--- DATA SUPPLIED Enclosed Below ---

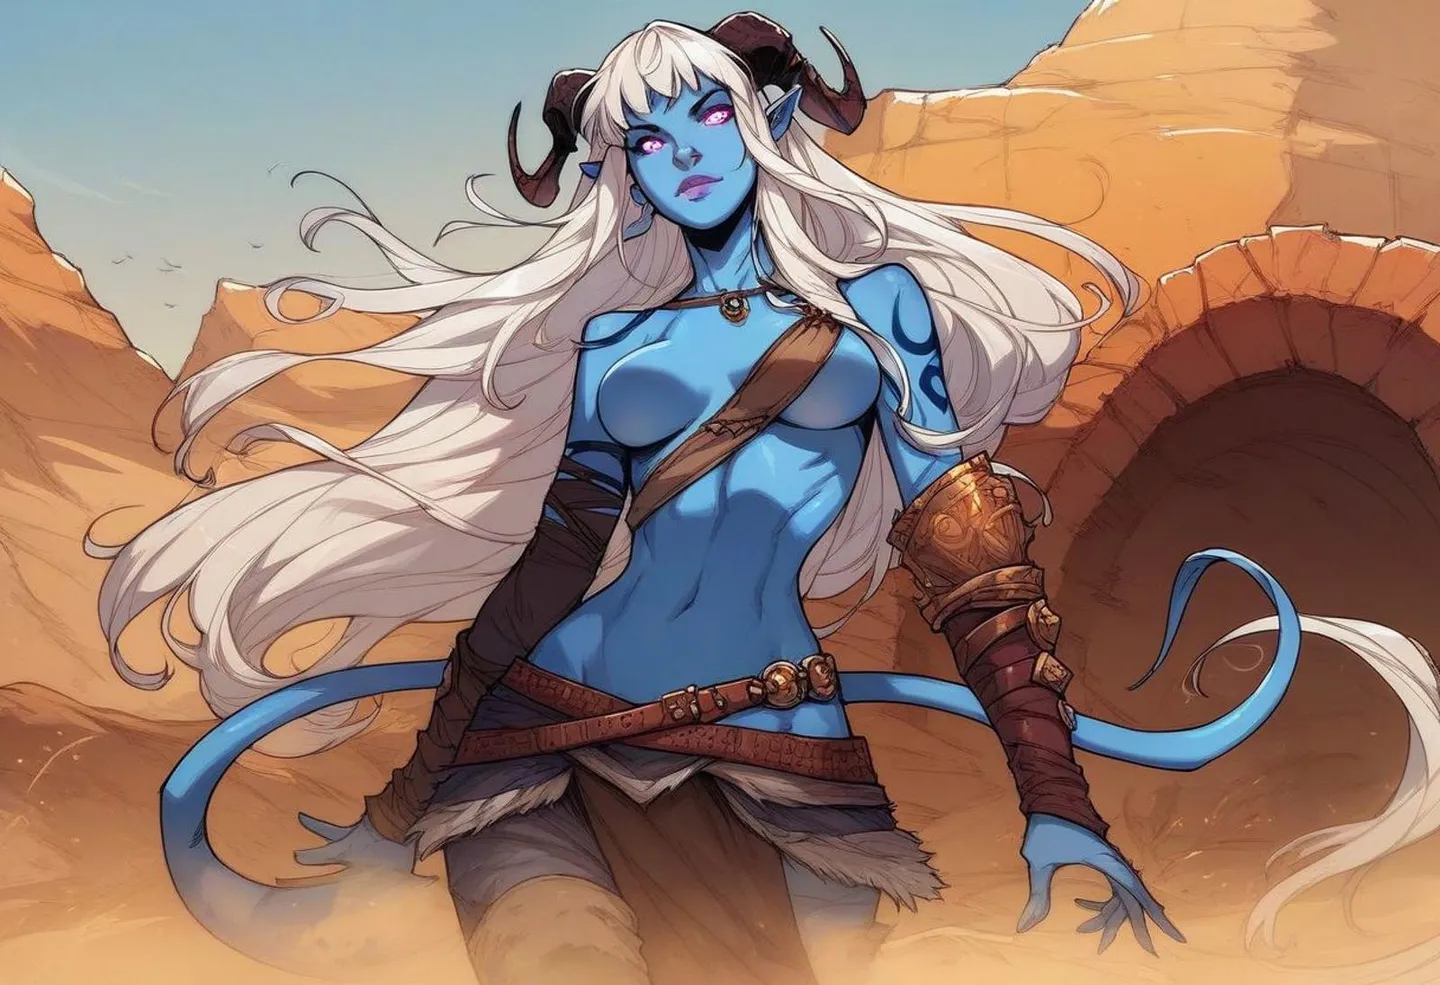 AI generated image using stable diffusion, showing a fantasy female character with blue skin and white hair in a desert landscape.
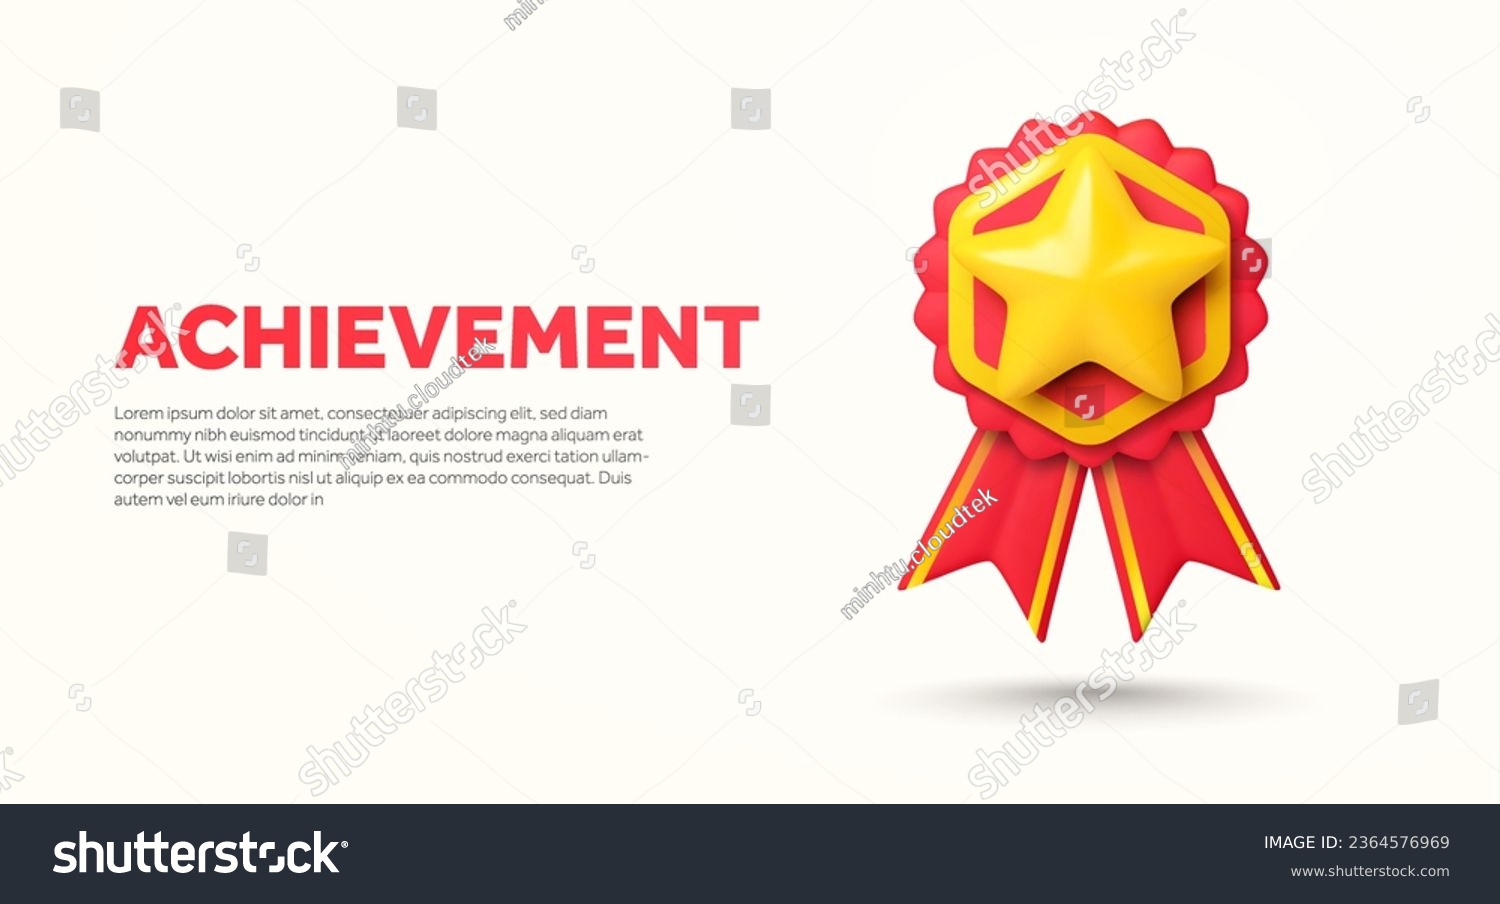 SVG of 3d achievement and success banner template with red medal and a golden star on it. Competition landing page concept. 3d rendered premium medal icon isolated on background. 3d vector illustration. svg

--- End of Enclosed DATA SUPPLIED ---
--- DATA SUPPLIED Enclosed Below ---

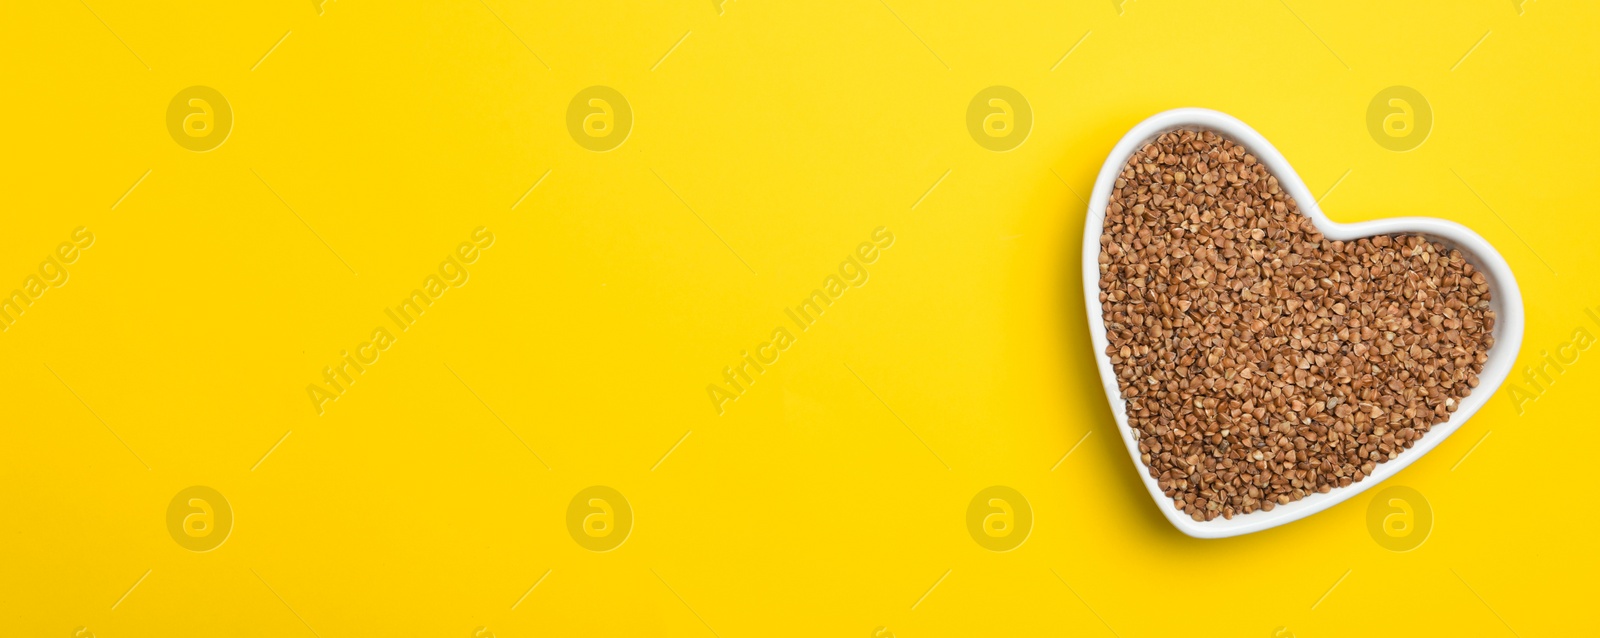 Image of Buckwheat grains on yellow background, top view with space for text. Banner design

--- End of Enclosed DATA SUPPLIED ---
--- DATA SUPPLIED Enclosed Below ---

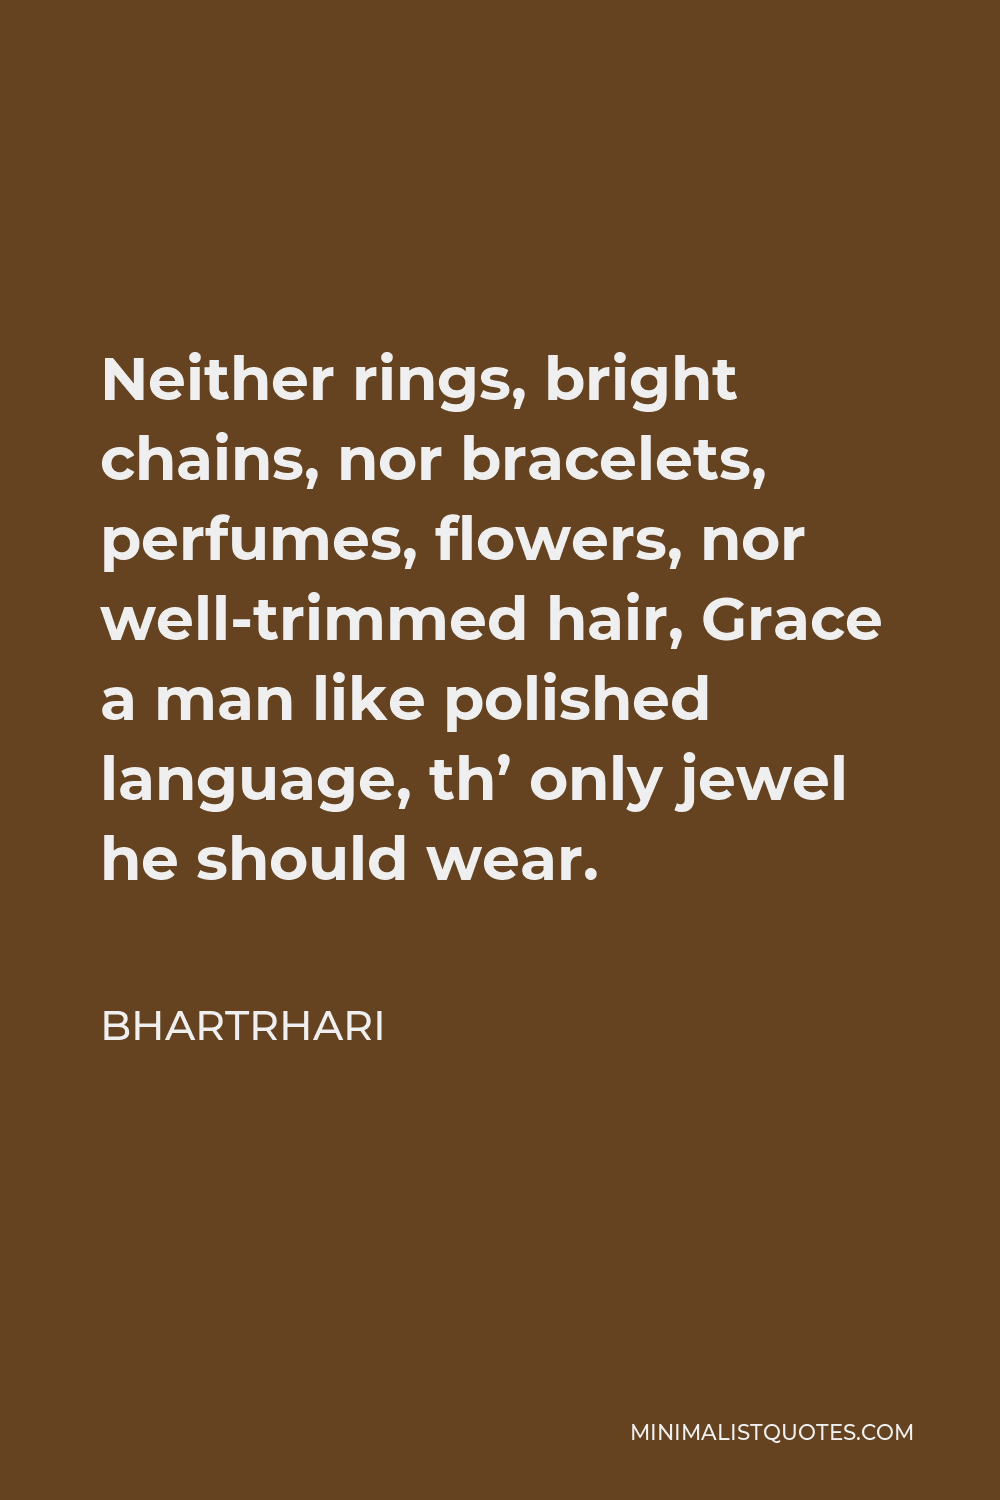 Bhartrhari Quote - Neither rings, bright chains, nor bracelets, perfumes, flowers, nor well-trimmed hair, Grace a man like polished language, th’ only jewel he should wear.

--- End of Enclosed DATA SUPPLIED ---

Copy word for word the span of the records above that begins at the line with "AI generated image" and ends at the line with "SVG of 3d achievement", including those two lines but not the pictures.

 AI generated image using stable diffusion, showing a fantasy female character with blue skin and white hair in a desert landscape.
 SVG of 3d achievement and success banner template with red medal and a golden star on it. Competition landing page concept. 3d rendered premium medal icon isolated on background. 3d vector illustration. svg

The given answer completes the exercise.